From Words to Structured Visuals: A Benchmark and Framework for Text-to-Diagram Generation and Editing

Jingxuan Wei,Cheng Tan,Qi Chen,Gaowei Wu,Siyuan Li,Zhangyang Gao,Linzhuang Sun,Bihui Yu,Ruifeng Guo
2024-11-18
Abstract:We introduce the task of text-to-diagram generation, which focuses on creating structured visual representations directly from textual descriptions. Existing approaches in text-to-image and text-to-code generation lack the logical organization and flexibility needed to produce accurate, editable diagrams, often resulting in outputs that are either unstructured or difficult to modify. To address this gap, we introduce DiagramGenBenchmark, a comprehensive evaluation framework encompassing eight distinct diagram categories, including flowcharts, model architecture diagrams, and mind maps. Additionally, we present DiagramAgent, an innovative framework with four core modules-Plan Agent, Code Agent, Check Agent, and Diagram-to-Code Agent-designed to facilitate both the generation and refinement of complex diagrams. Our extensive experiments, which combine objective metrics with human evaluations, demonstrate that DiagramAgent significantly outperforms existing baseline models in terms of accuracy, structural coherence, and modifiability. This work not only establishes a foundational benchmark for the text-to-diagram generation task but also introduces a powerful toolset to advance research and applications in this emerging area.
Databases
What problem does this paper attempt to address?
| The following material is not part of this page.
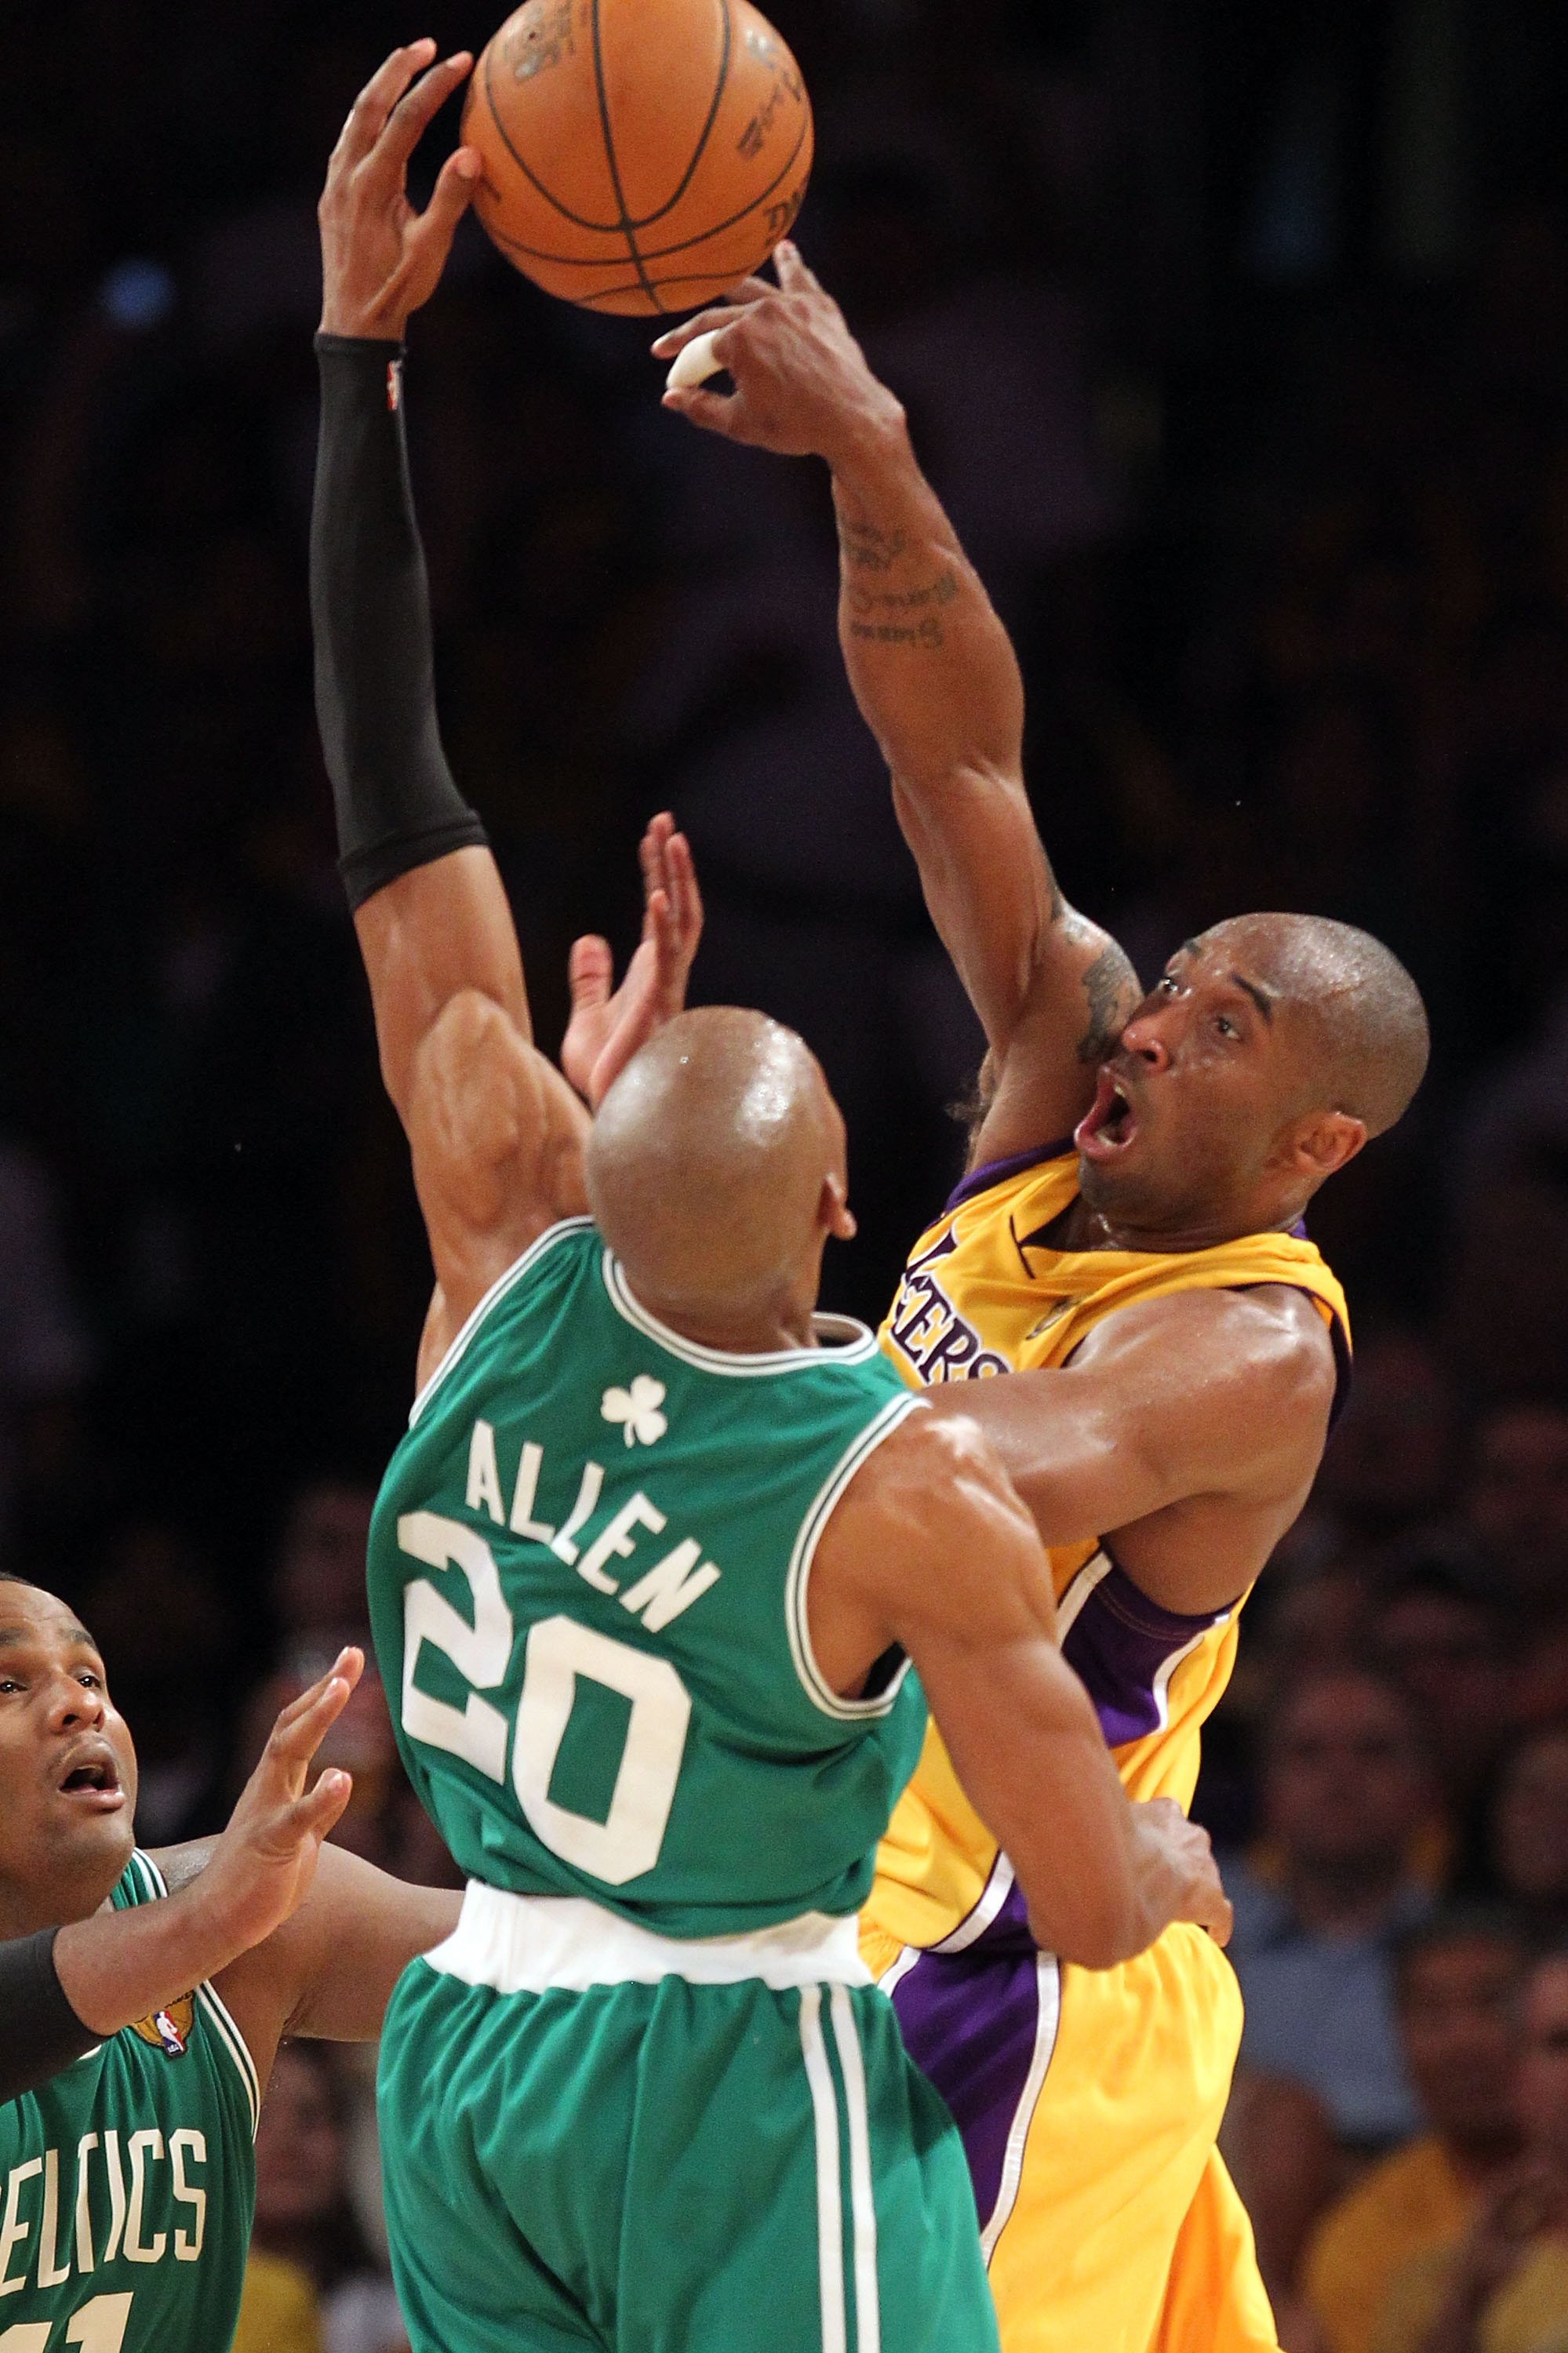 LOS ANGELES, CA - JUNE 17:  Kobe Bryant #24 of the Los Angeles Lakers moves the ball over Ray Allen #20 of the Boston Celtics in Game Seven of the 2010 NBA Finals at Staples Center on June 17, 2010 in Los Angeles, California.  NOTE TO USER: User expressly
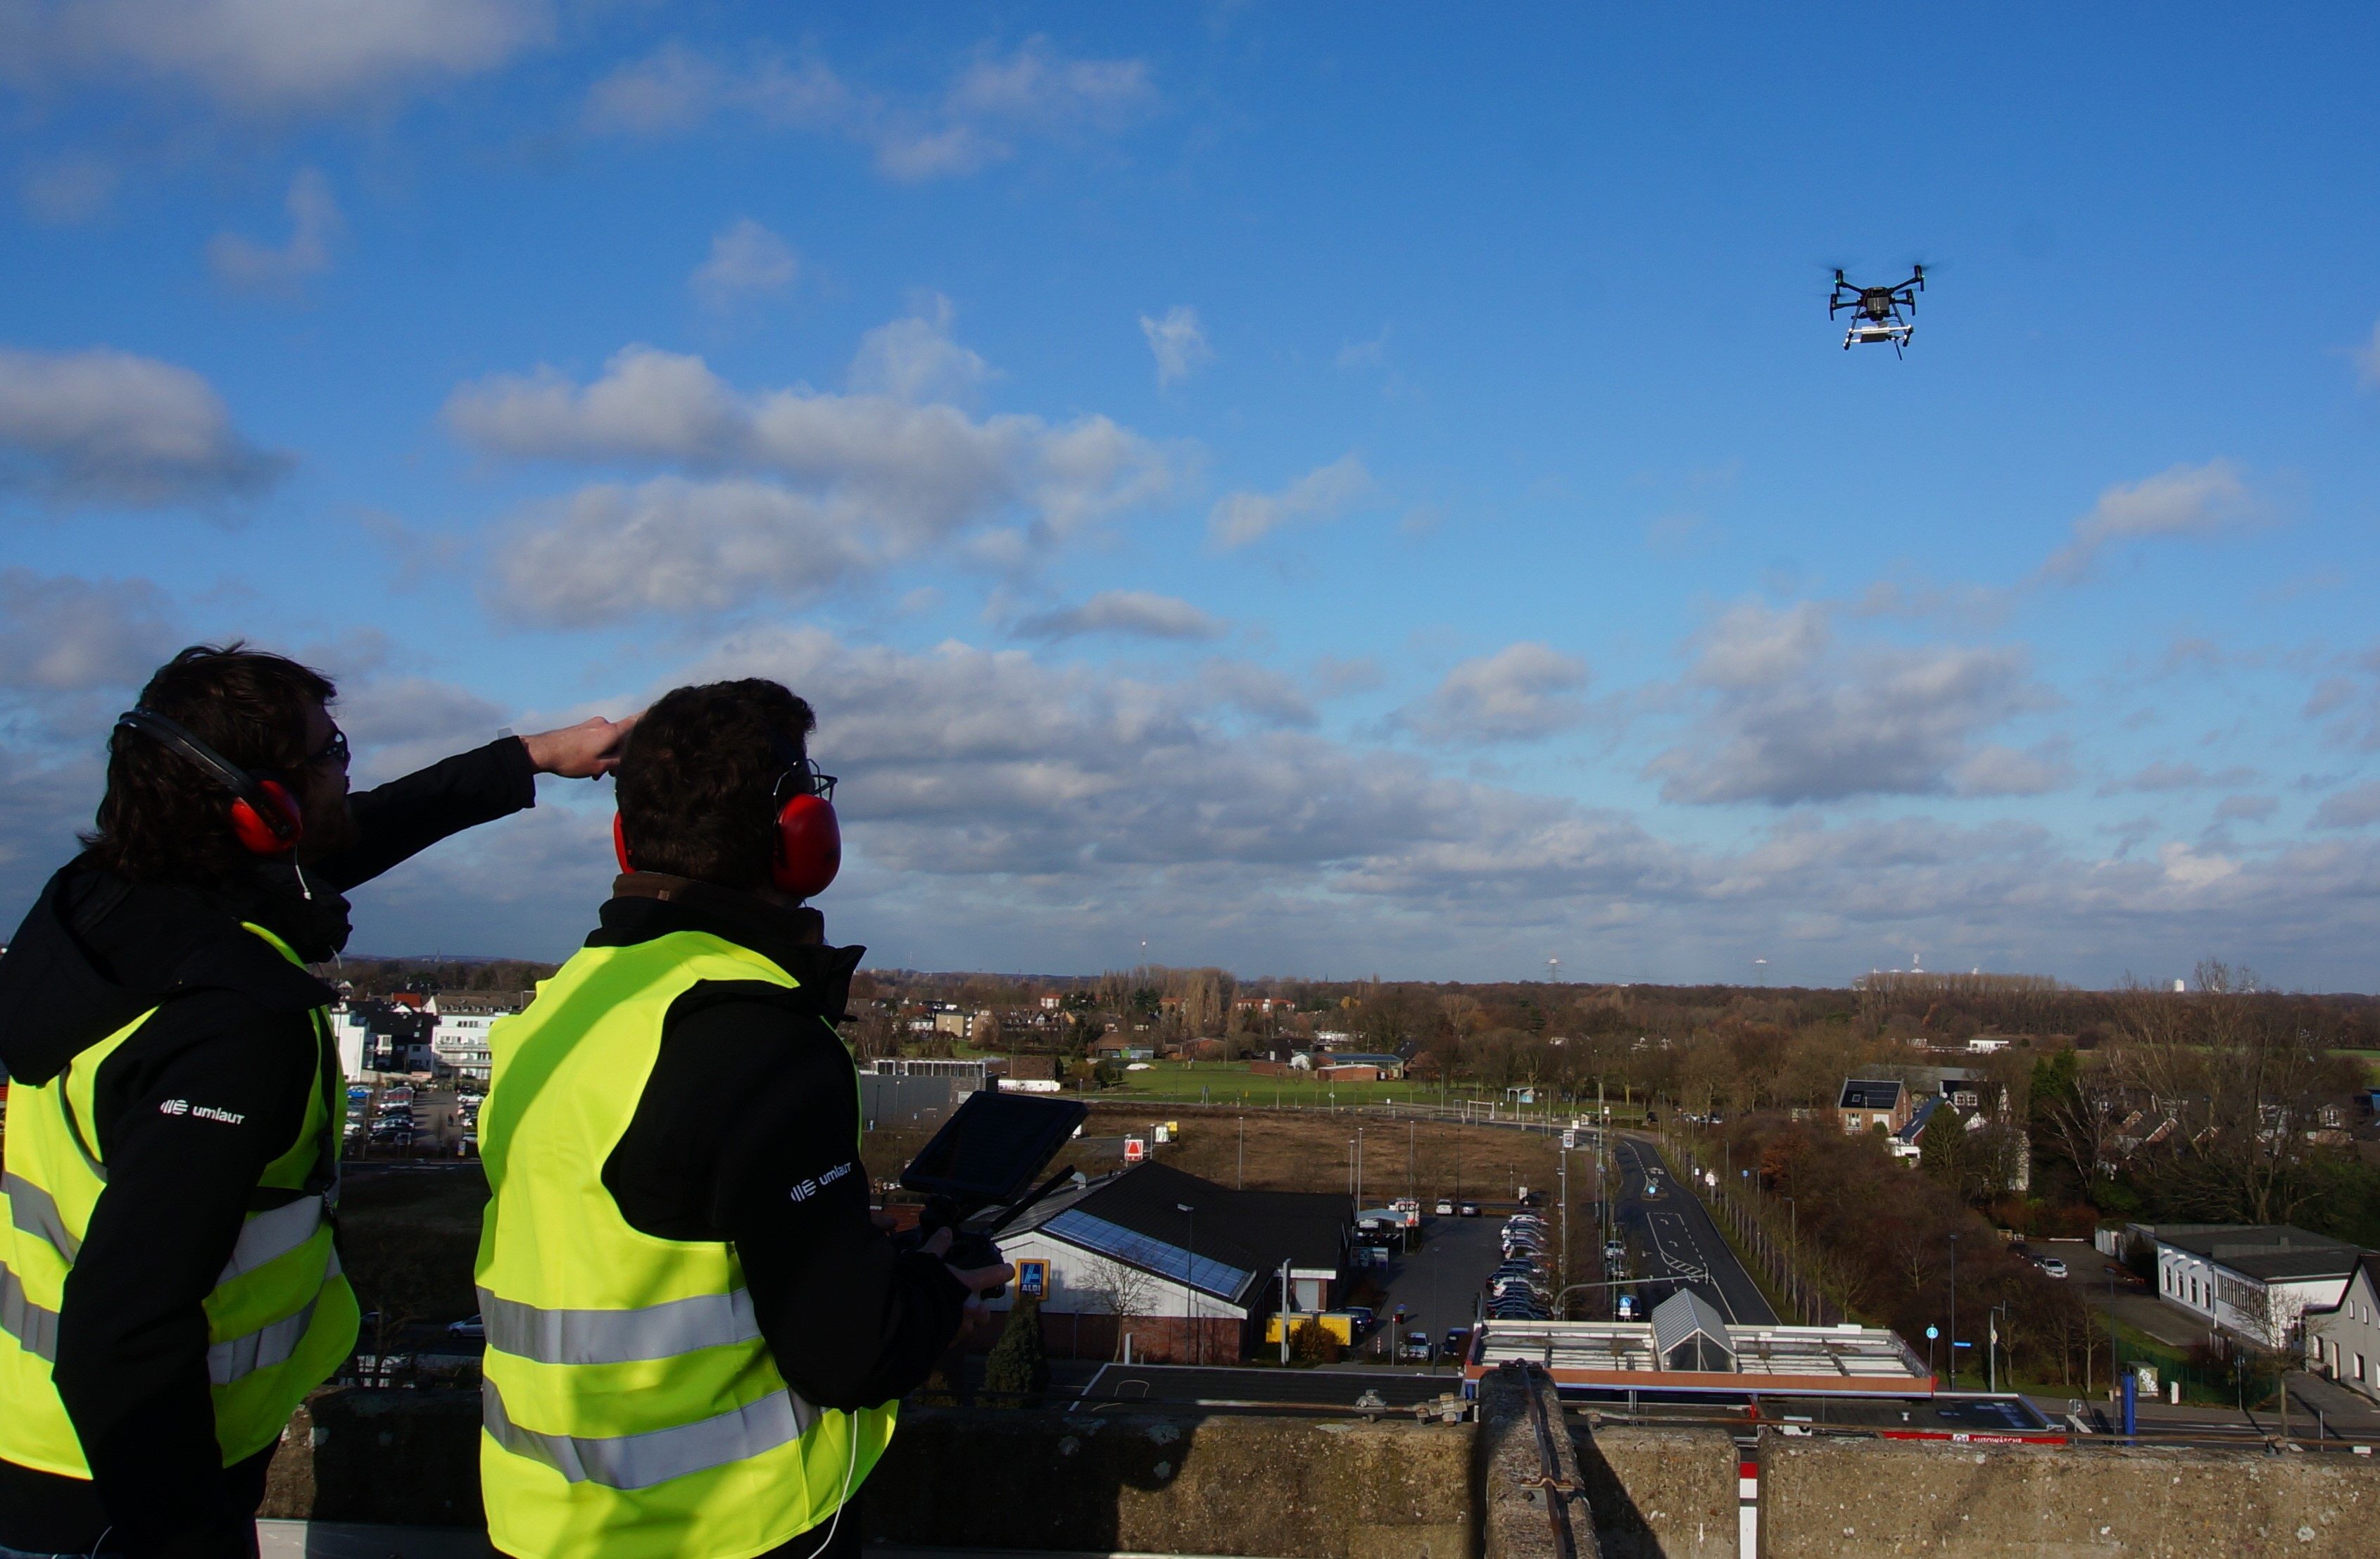 umlaut employees measure the quality of the mobile network in low-level airspace during test flights with a drone.

The problem that this paper attempts to solve is the challenge of automatically generating structured diagrams from text descriptions (text - to - diagram generation). Existing text - to - image and text - to - code generation methods have problems of weak logical organization and difficulty in modification when generating structured diagrams. Specifically: 1. **Text - to - image generation**: Although these methods can generate visually appealing images, they lack the precise relationships and hierarchical organization required for generating structured diagrams, resulting in logically incoherent, difficult - to - understand and - modify images. 2. **Text - to - code generation**: These methods can generate basic visual diagrams, such as bar charts and line charts, but when dealing with more complex diagrams, such as flowcharts, model architecture diagrams and mind maps, they lack flexibility and structural logic and cannot meet the fine - grained organization and interactive editing requirements of complex diagrams. To fill this gap, the paper introduces **DiagramGenBenchmark**, a comprehensive evaluation framework that covers eight different types of diagrams, including flowcharts, model architecture diagrams and mind maps. In addition, the paper proposes **DiagramAgent**, an innovative framework that contains four core modules: Plan Agent, Code Agent, Check Agent and Diagram - to - Code Agent. These modules are designed to promote the generation and refinement of complex diagrams. Through extensive experiments, combined with objective metrics and human evaluation, the paper proves that **DiagramAgent** is significantly superior to existing baseline models in terms of accuracy, structural consistency and modifiability. This work not only establishes a basic benchmark for the text - to - diagram generation task, but also provides a powerful set of tools for research and application in this emerging field.